WHAT YOU HAVE TO DO: As you print the data below, keep every line exactly as it is and leave the images behind.

DATA SHOWN:
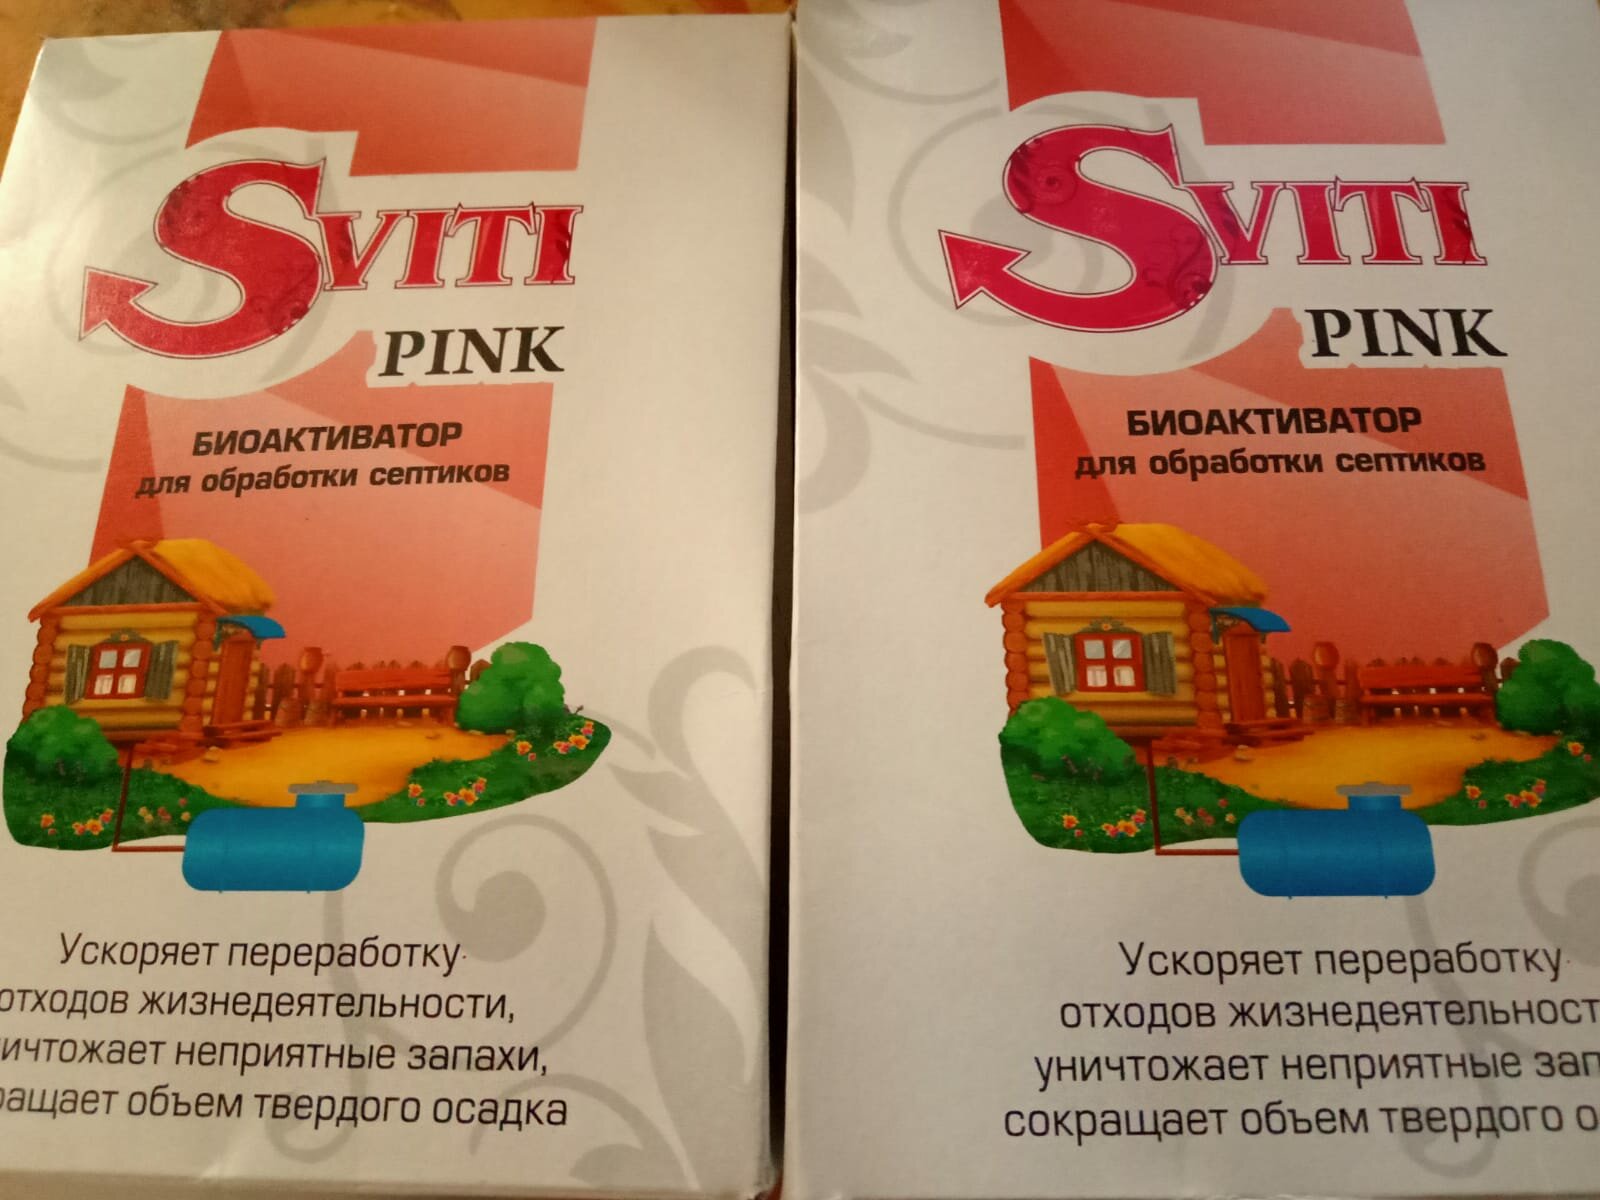 Средство Sviti Pink 2в1 биоактиватор био бактерии для чистки ямы септика - фотография № 12
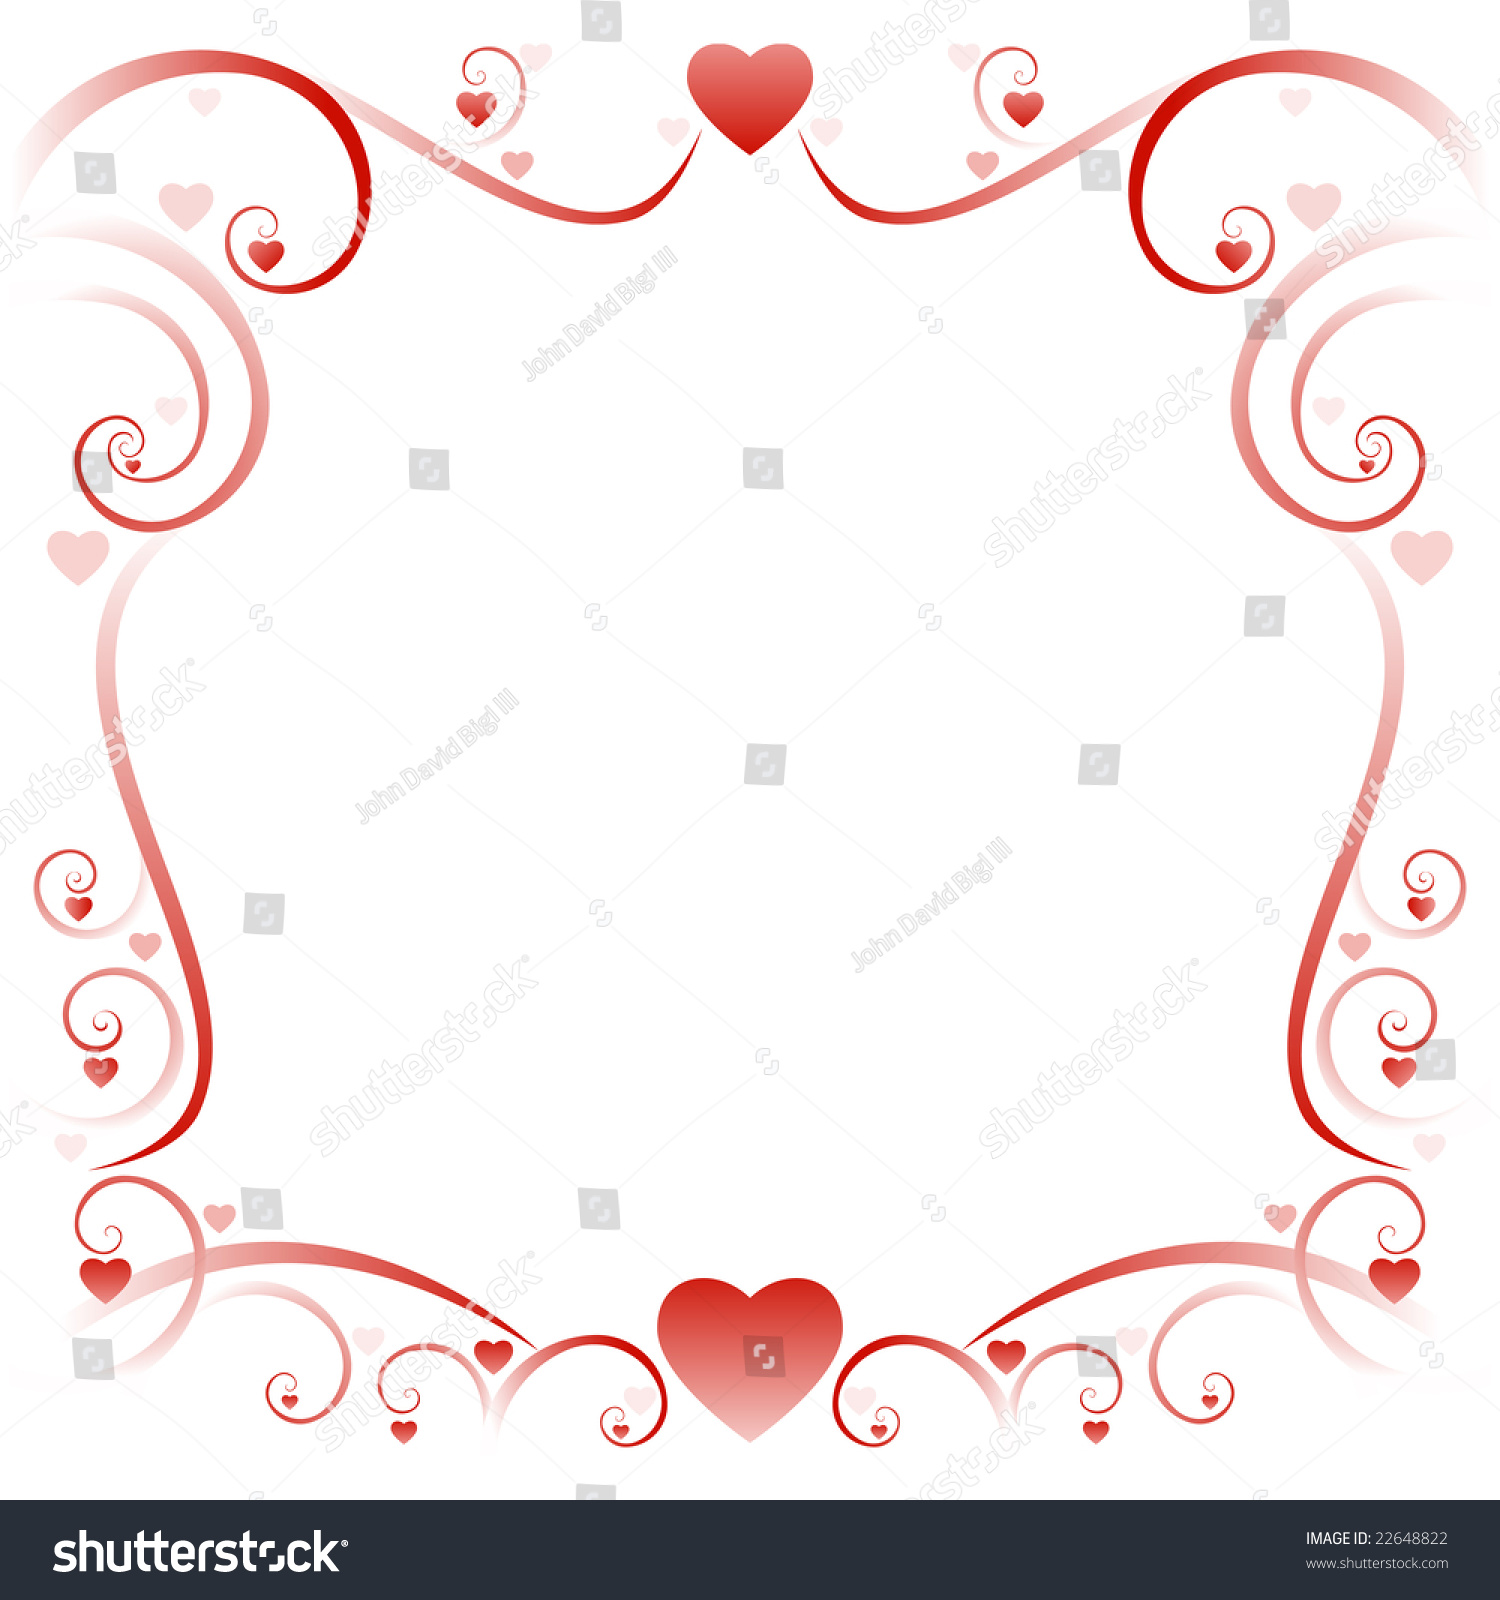 Border Swirls Hearts Stock Illustration 22648822 - Shutterstock
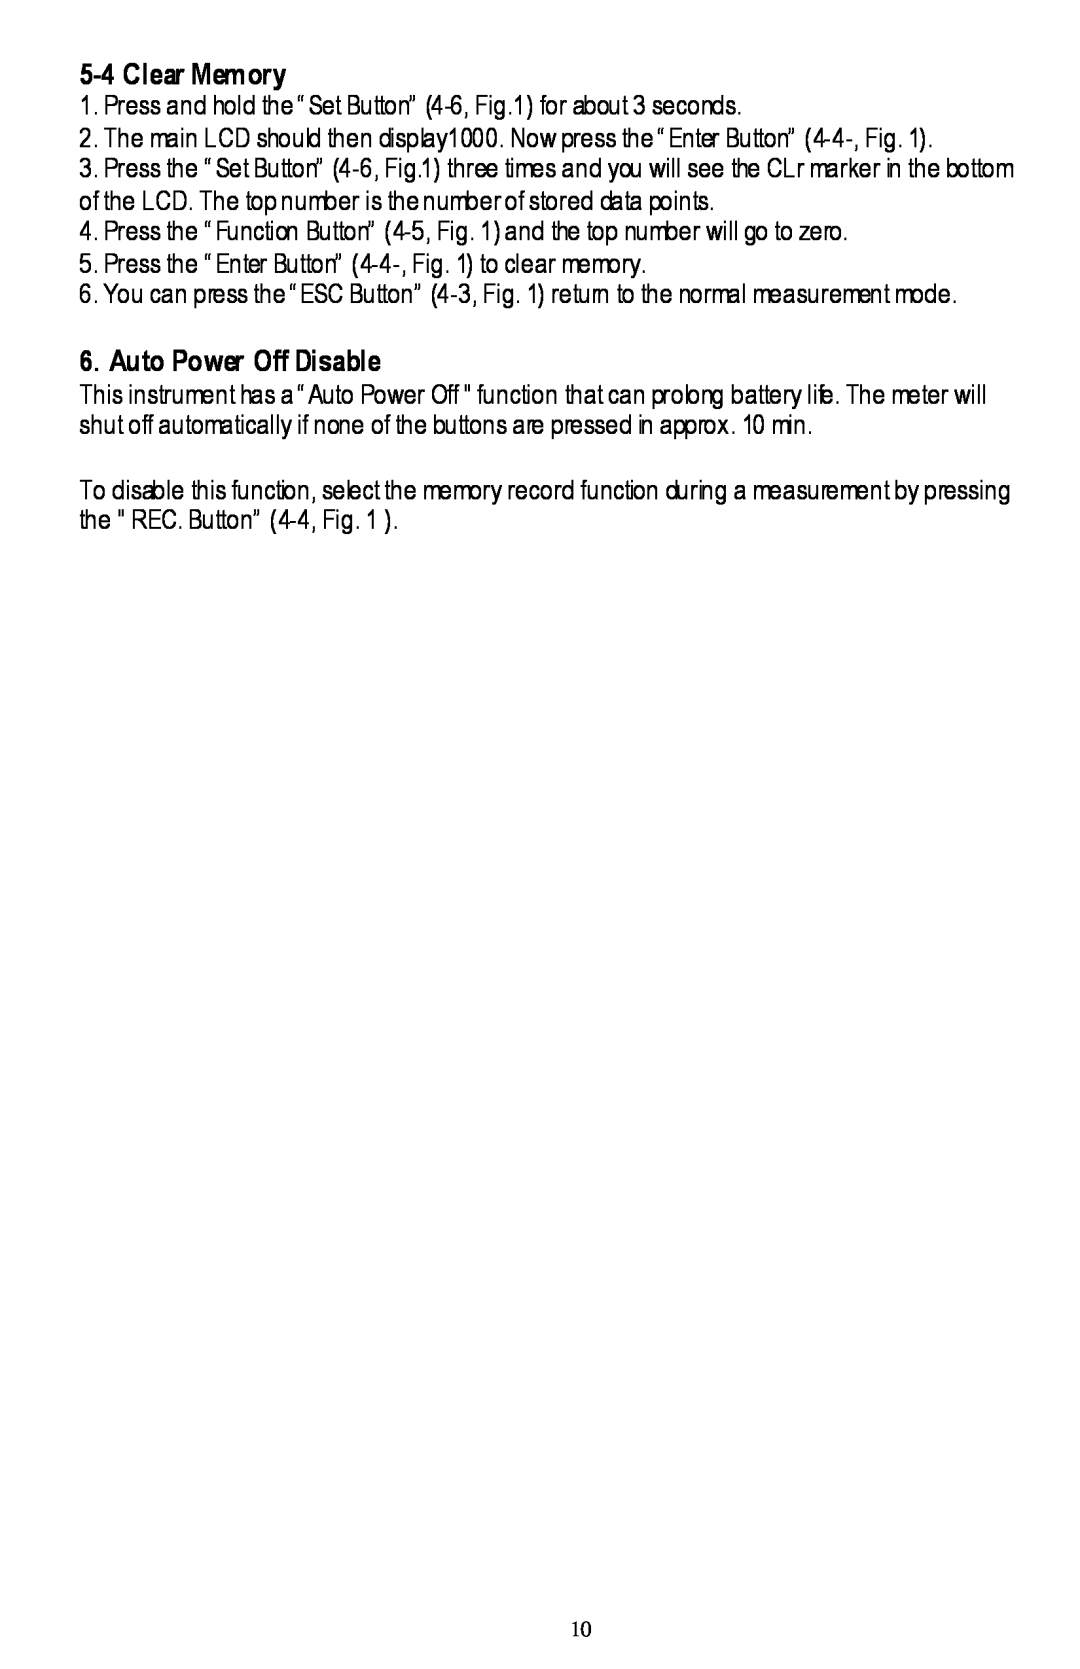 Anaheim H300 instruction manual 5-4Clear Mem ory, Auto Power Off Disable

WRITTEN ANSWER:
 Средство Sviti Pink 2в1 биоактиватор био бактерии для чистки ямы септика - фотография № 12
 Border Swirls Hearts Stock Illustration 22648822 - Shutterstock
 Anaheim H300 instruction manual 5-4Clear Mem ory, Auto Power Off Disable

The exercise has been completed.